Помню, Зоя писала автобиографию. Вся она уместилась на одной страничке, и Зоя очень сокрушалась.

— Совсем не о чем писать, — повторяла она. — Ну, родилась, ну, поступила в школу, ну, учусь... А что сделала? Ничего!

...В тот день Шура волновался, по-моему, не меньше, чем сама Зоя. Не помню, когда еще я видела его таким. Он ждал Зою у райкома. Вступавших в тот вечер было много, а Зою вызвали одной из последних. «Едва дождался!» — рассказывал он после.

Я тоже не могла дождаться. То и дело смотрела в окно — не идут ли они, но за окном сгустилась ночная тьма, и в ней ничего нельзя было различить. Тогда я вышла на улицу и медленно пошла в ту сторону, откуда должны были прийти ребята. Не успела я сделать несколько шагов, как они налетели на меня, задыхающиеся, возбужденные.

— Приняли! Приняли! На все вопросы ответила! — кричали они наперебой.

Мы снова поднялись к себе, и Зоя, раскрасневшаяся, счастливая, стала рассказывать все, как было:

— Секретарь райкома такой молодой, веселый. Задавал много вопросов: что такое комсомол, потом про события в Испании, потом спросил, какие труды Маркса я знаю. Я сказала, что читала только «Манифест Коммунистической партии». А под конец он говорит: «А что самое важное в уставе, как по-твоему?» Я подумала и говорю: «Самое главное: комсомолец должен быть готов отдать Родине все свои силы, а если нужно — и жизнь». Ведь правда же это самое главное?.. Тогда он и говорит: «Ну, а хорошо учиться, выполнять комсомольские поручения?» Я удивилась и отвечаю: «Ну, это само собой разумеется». Тогда он отдернул занавеску, показал на небо и говорит: «Что там?» Я, опять удивилась, отвечаю: «Ничего нет». — «А видишь, говорит, сколько звезд? Красиво? Ты их даже не заметила сразу, а все потому, что они сами собой разумеются. И еще одно запомни: все большое и хорошее в жизни складывается из малого, незаметного. Ты об этом не забывай!» Хорошо сказал, да?

— Очень хорошо! — в один голос ответили мы с Шурой.

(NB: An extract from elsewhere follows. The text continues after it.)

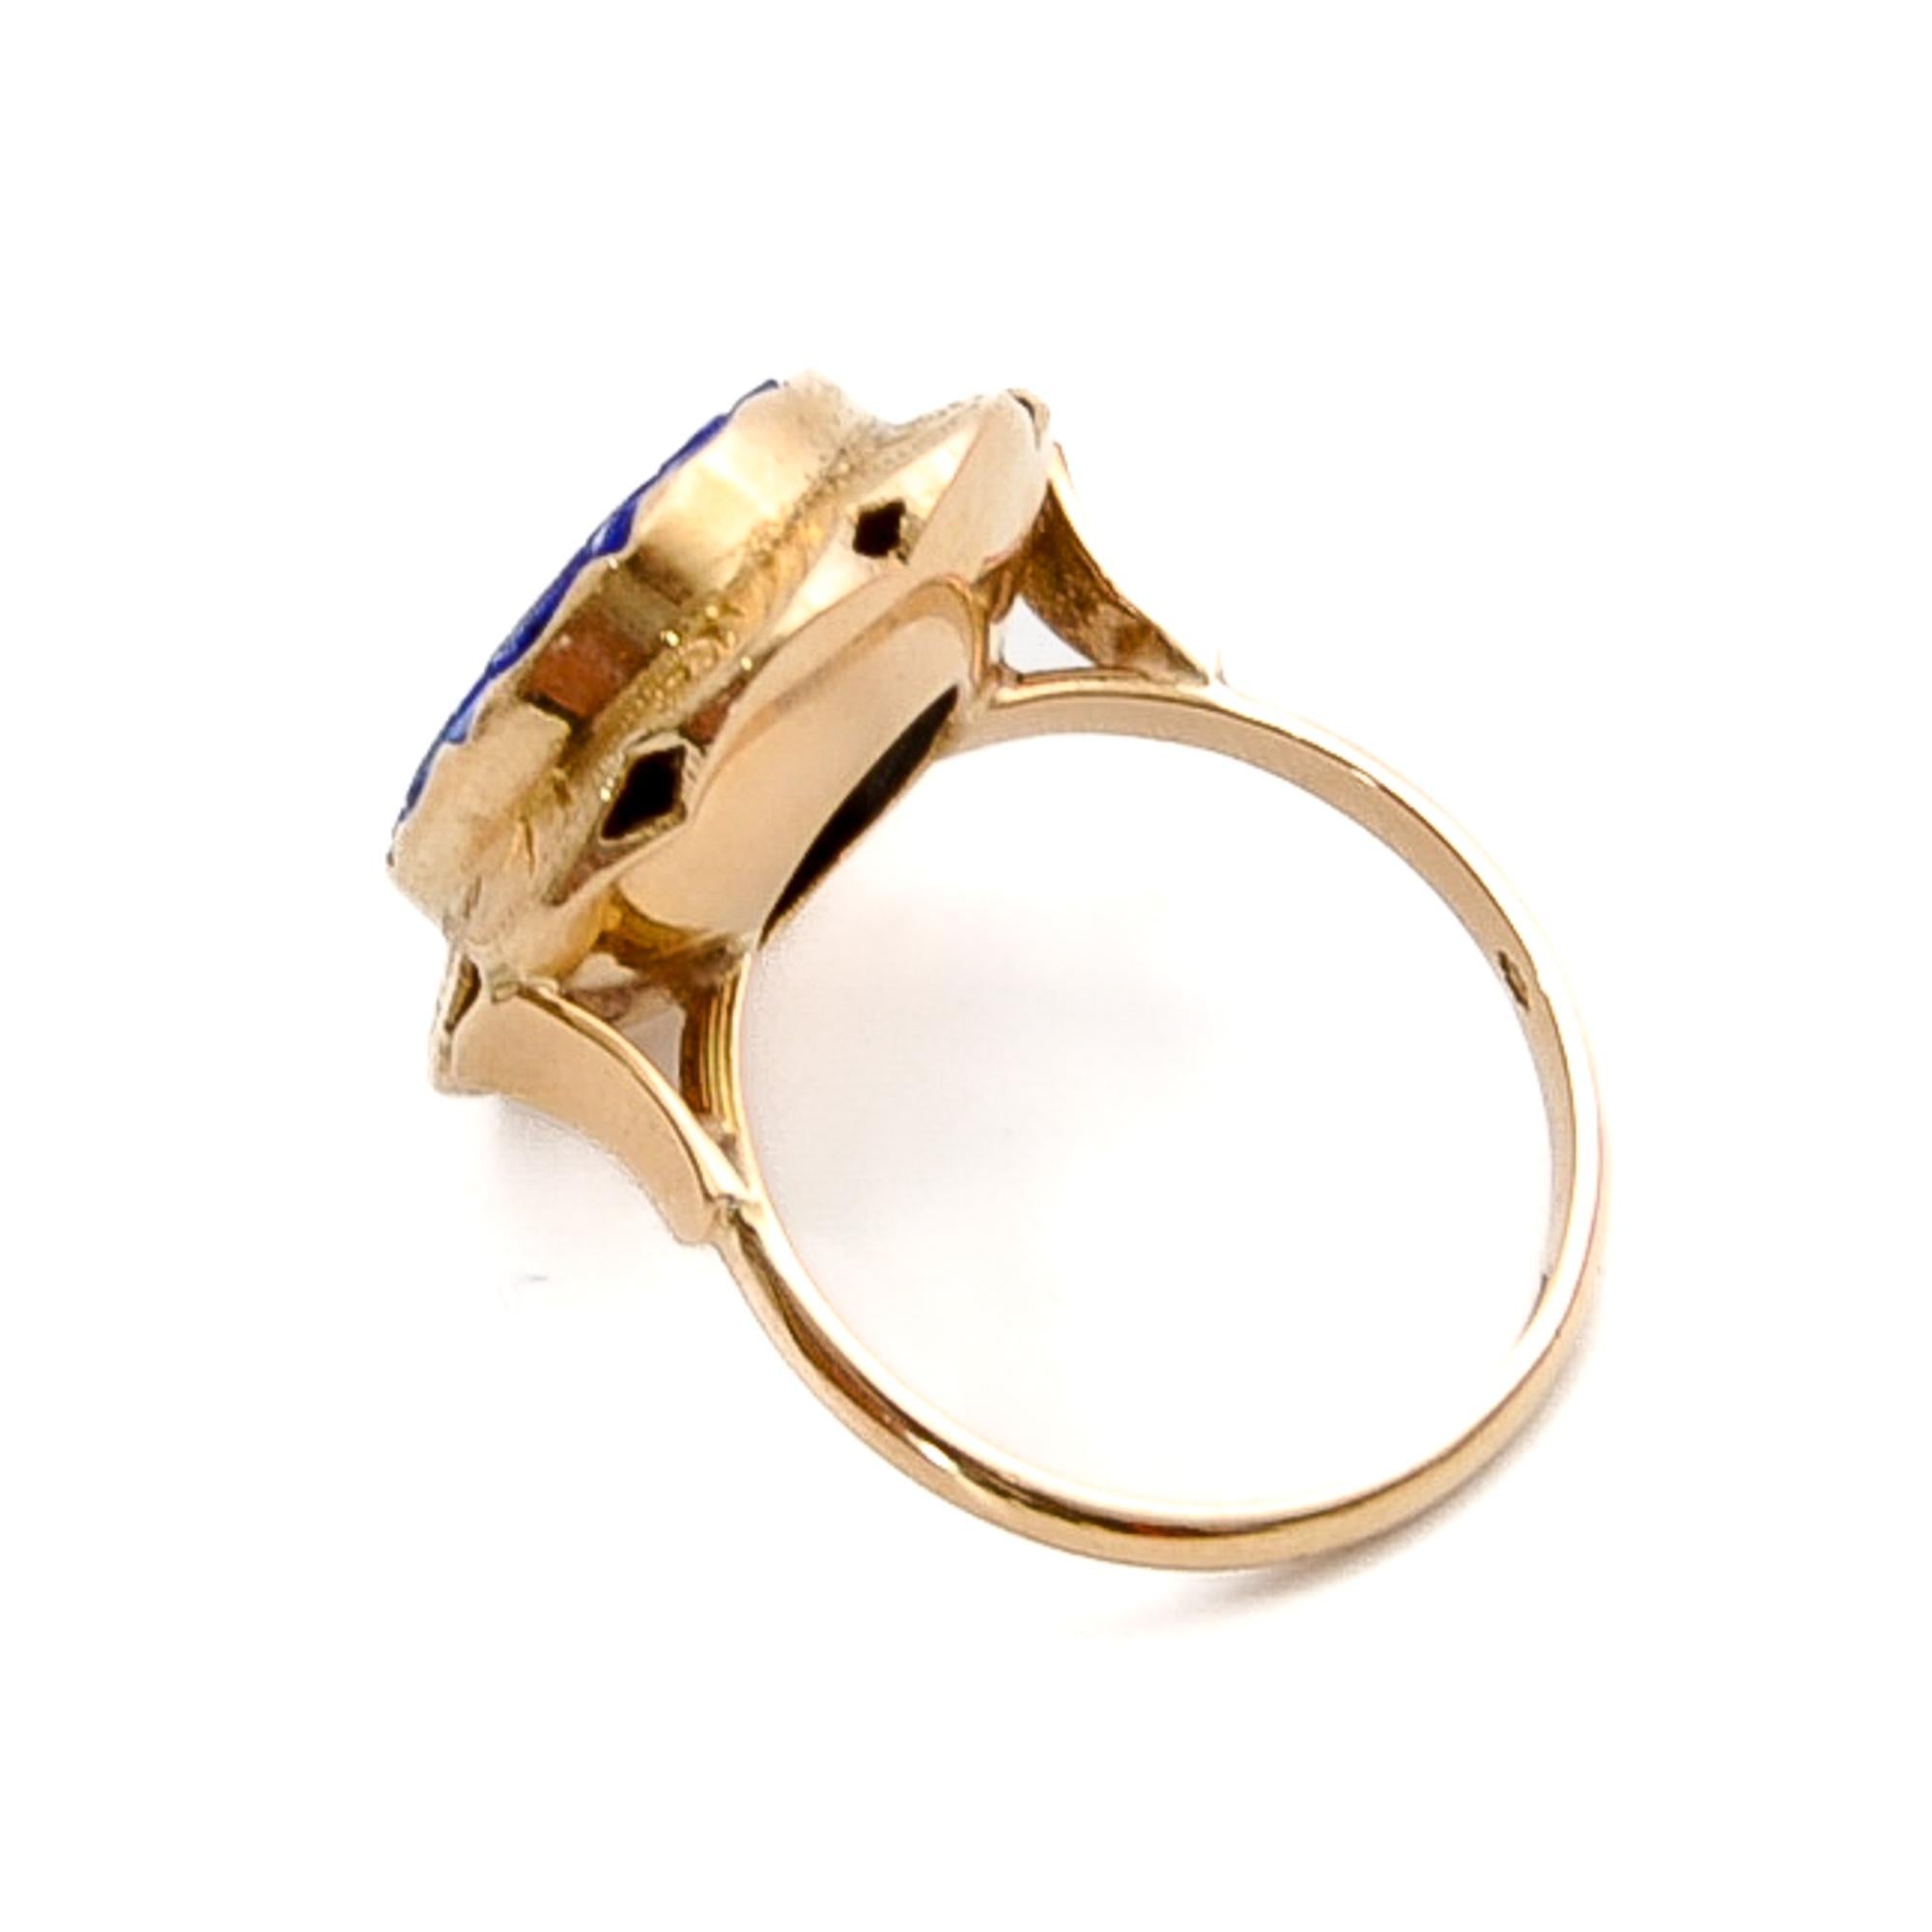 This is a vintage 14 karat yellow gold ring crafted with a beautiful carved lapis lazuli gemstone. The design creates this lovely engraved gold mounting of the ring. The edge of the mounting is oval-shaped and scalloped. The lapis has an amazing

— Потом он спросил, — продолжала Зоя, — «Ты читала речь Ленина на Третьем съезде комсомола?» — «Конечно!» — отвечаю. « «А хорошо ее помнишь?» — «По-моему, наизусть». — «Ну, если наизусть, скажи самое памятное место». И я сказала: «И вот, поколение, которому теперь 15 лет и которое через 10-20 лет будет жить в коммунистическом обществе, должно все задачи своего учения ставить так, чтобы каждый день в любой деревне, в любом городе молодежь решала практически ту или иную задачу общего труда, пускай самую маленькую, пускай самую простую».

— Зоя, а ты не помнишь, когда ты в первый раз услышала о том, что говорил Владимир Ильич на Третьем съезде? — спросила я, почти уверенная, что она не сумеет ответить.

Но я ошиблась.

— Нам рассказывали летом, в лагере, — не задумываясь, ответила Зоя. — Помнишь, у костра...

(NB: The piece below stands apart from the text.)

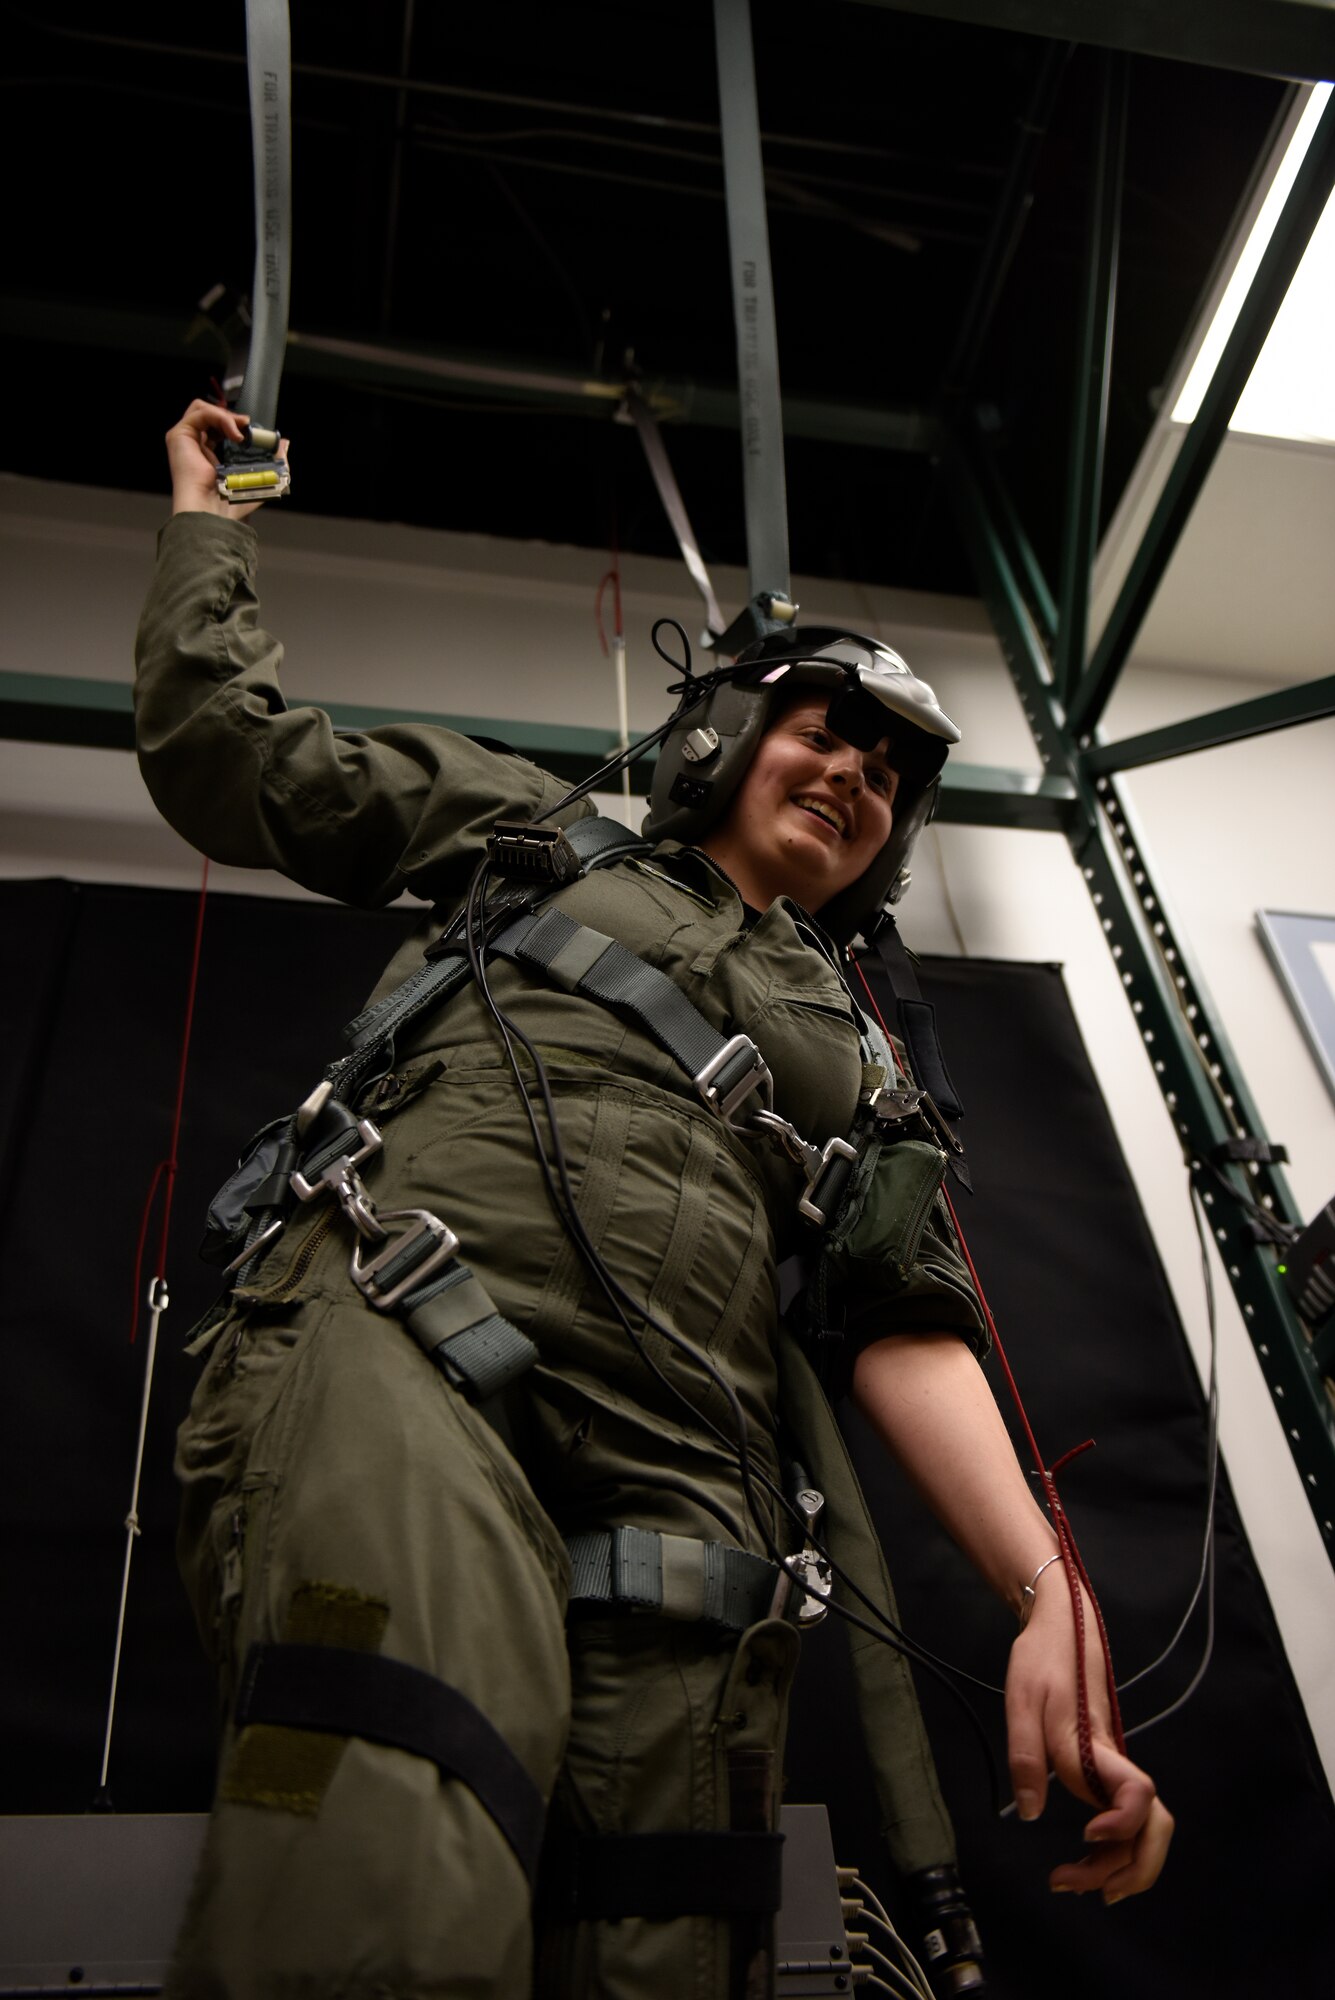 Honorary 2nd Lt. Ashleigh Hunt trains in a parachute simulator May 26, 2016 during Pilot for a Day, a program supporting children and young adults who live with chronic or life-threatening illnesses. Hunt, who was diagnosed with osteosarcoma at 19, was honored during the first-ever Pilot for a Day event at the 180th Fighter Wing where she launched an F-16 Fighting Falcon, received a tour of the base facilities, and experienced basic pilot survival training. (U.S. Air National Guard photo by Staff Sgt. Shane Hughes)

Потом мы сидели и пили чай, и Зоя вспоминала все новые и новые подробности того, как ее принимали. А собираясь спать, сказала:

— Мне кажется, что в чем-то я теперь стала другая, новая...

— Ну что ж, давай познакомимся, — ответила я о невольной улыбкой, но по Зоиным глазам увидела, что она в этот час не примет шутку, и прибавила: — Понимаю, Зоя.

Дом по Старопетровскому проезду

Герцен сказал как-то: «Ничто так не облагораживает юность, как сильно возбужденный общечеловеческий интерес». Когда я вспоминаю, как воспитывались мои дети и их школьные друзья, я вижу: да, это делало их юность одухотворенной и прекрасной. Все, что совершалось в стране и за ее пределами, касалось их непосредственно, было их личным делом.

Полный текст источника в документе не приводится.